In dairy herds, genetic improvements in the herd over the last 40 years have contributed to increased milk yields through genetic selection, by looking at more traits than in the past to ensure the production of a dairy cow that is more fertile and more productive.
"We are now looking at selection for production and fitness and we are even looking at the vet costs in production as well," he said.
He said that there is going to be a different environment in agriculture and livestock farming with les land for production, higher in-put and feed costs and challenges from the climate and from water resources.
Mr Smith said that livestock farming units are going to grow and there is going to be less labour in each unit and there are going to be environmental constraints to produce food sustainably.
"Genetics have contributed approximately 50 per cent of the phenotypic improvement we have seen over the last 50 years and basically, we need to produce more from less and genetic improvement is going to be key to this," he said.
However, there have been vast discrepancies over the last 50 years in the advances in genetic improvement between the different species and sectors. While the dairy herds have seen a 60 to 70 per cent improvement, the pig herds have only seen a 30 to 40 per cent improvement and the beef herds have had negligible genetic progress.
Similarly in aquaculture, with wild fish stocks declining more than 50 per cent of fish consumed is now farmed but less than 10 per cent comes from genetically improved strains. As fish have a high reproductive rate, there is a big potential for improved efficiency.
Mr Smith said that genomic selection is being applied to many species and it will accelerate genetic progress but it still requires a lot of phenotypic data to build and validate evaluations. However, it will allow greater selection for lower heritability traits and evolution of new traits.
Mr Smith said that by using new technology gene selection can be speeded up and livestock improvement will come sooner - but often new techniques hit an ethical barrier.
While selective breeding has been carried out for centuries and has been established as safe for centuries, cloning, where the genes of the offspring are identical to the parent, which is equivalent to twinning, the introduction of an additional normal gene already present in the animal and gene deletion could raise other questions.
However, Mr Smith said they are not truly genetically modified organisms (GMOs) and do not introduce any genetic material that is not already present and so there is no reason to believe that they will harm either the animal or Man.
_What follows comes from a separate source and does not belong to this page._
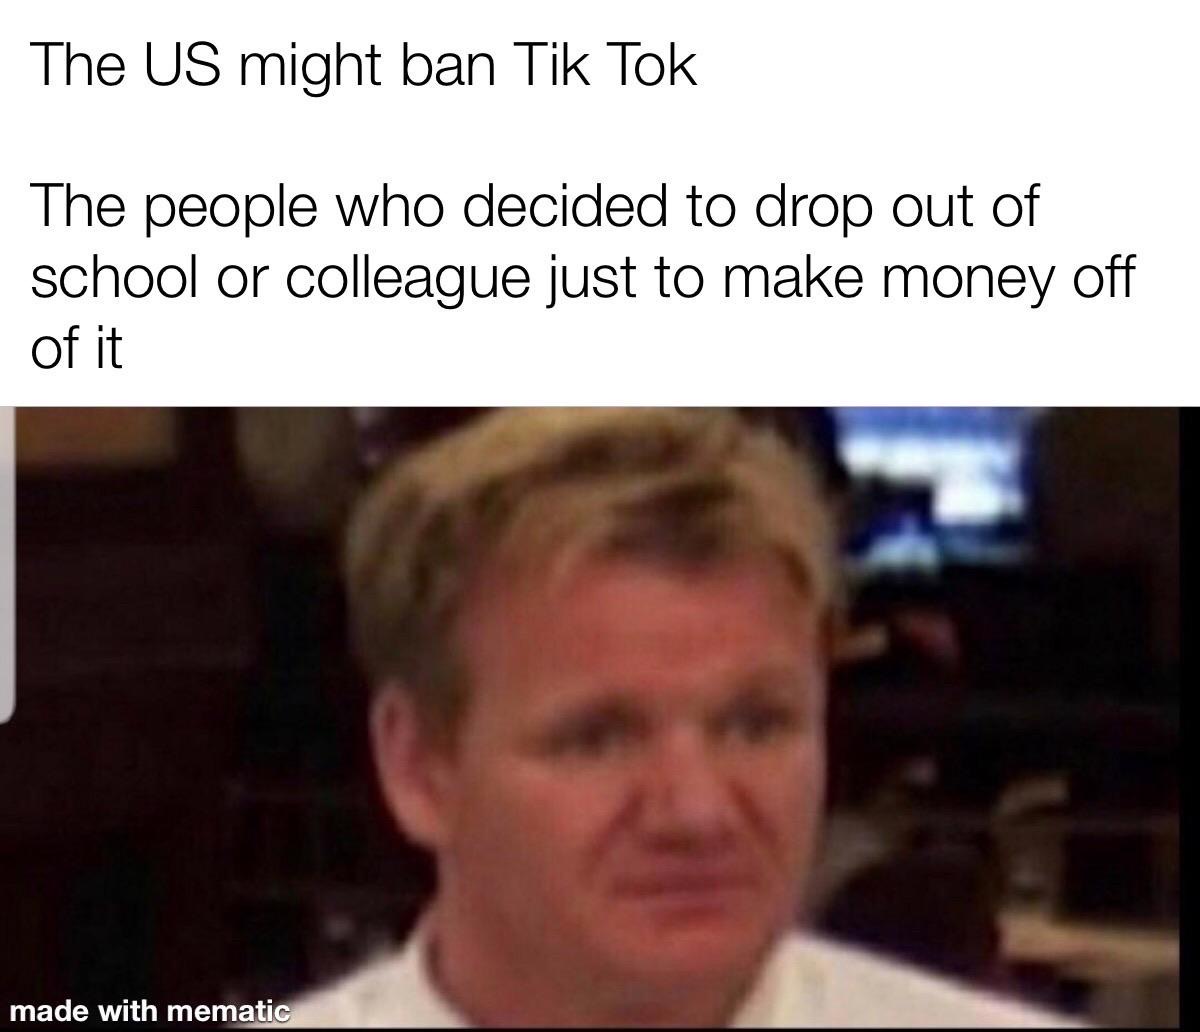 corn dog gordon ramsay - The Us might ban Tik Tok The people who decided to drop out of school or colleague just to make money off of it made with mematic

Gene editing produces only minor changes and often will be introducing naturally occurring mutations so again should not be unsafe in any way.
Introduction of another mammalian gene not normally found in that species, the introduction of a non-mammalian or plant gene into that species, the introduction of a bacterial gene into the species and the introduction of a viral gene into the species may have some risk and need careful analysis.
Mr Smith said: "Scientific breakthroughs in new genetic technologies could hold the key to step changes in livestock improvements, with disease resistance and resilience, improved efficiency and human health protection.
"Genetic improvement has played a major role in improving efficiency to date and will probably need to play an even greater role in the future.
"Some species have greater opportunity than others, but selective breeding in conjunction with newer technology could hold the key to step changes in genetic improvement and deserve consideration," Mr Smith concluded.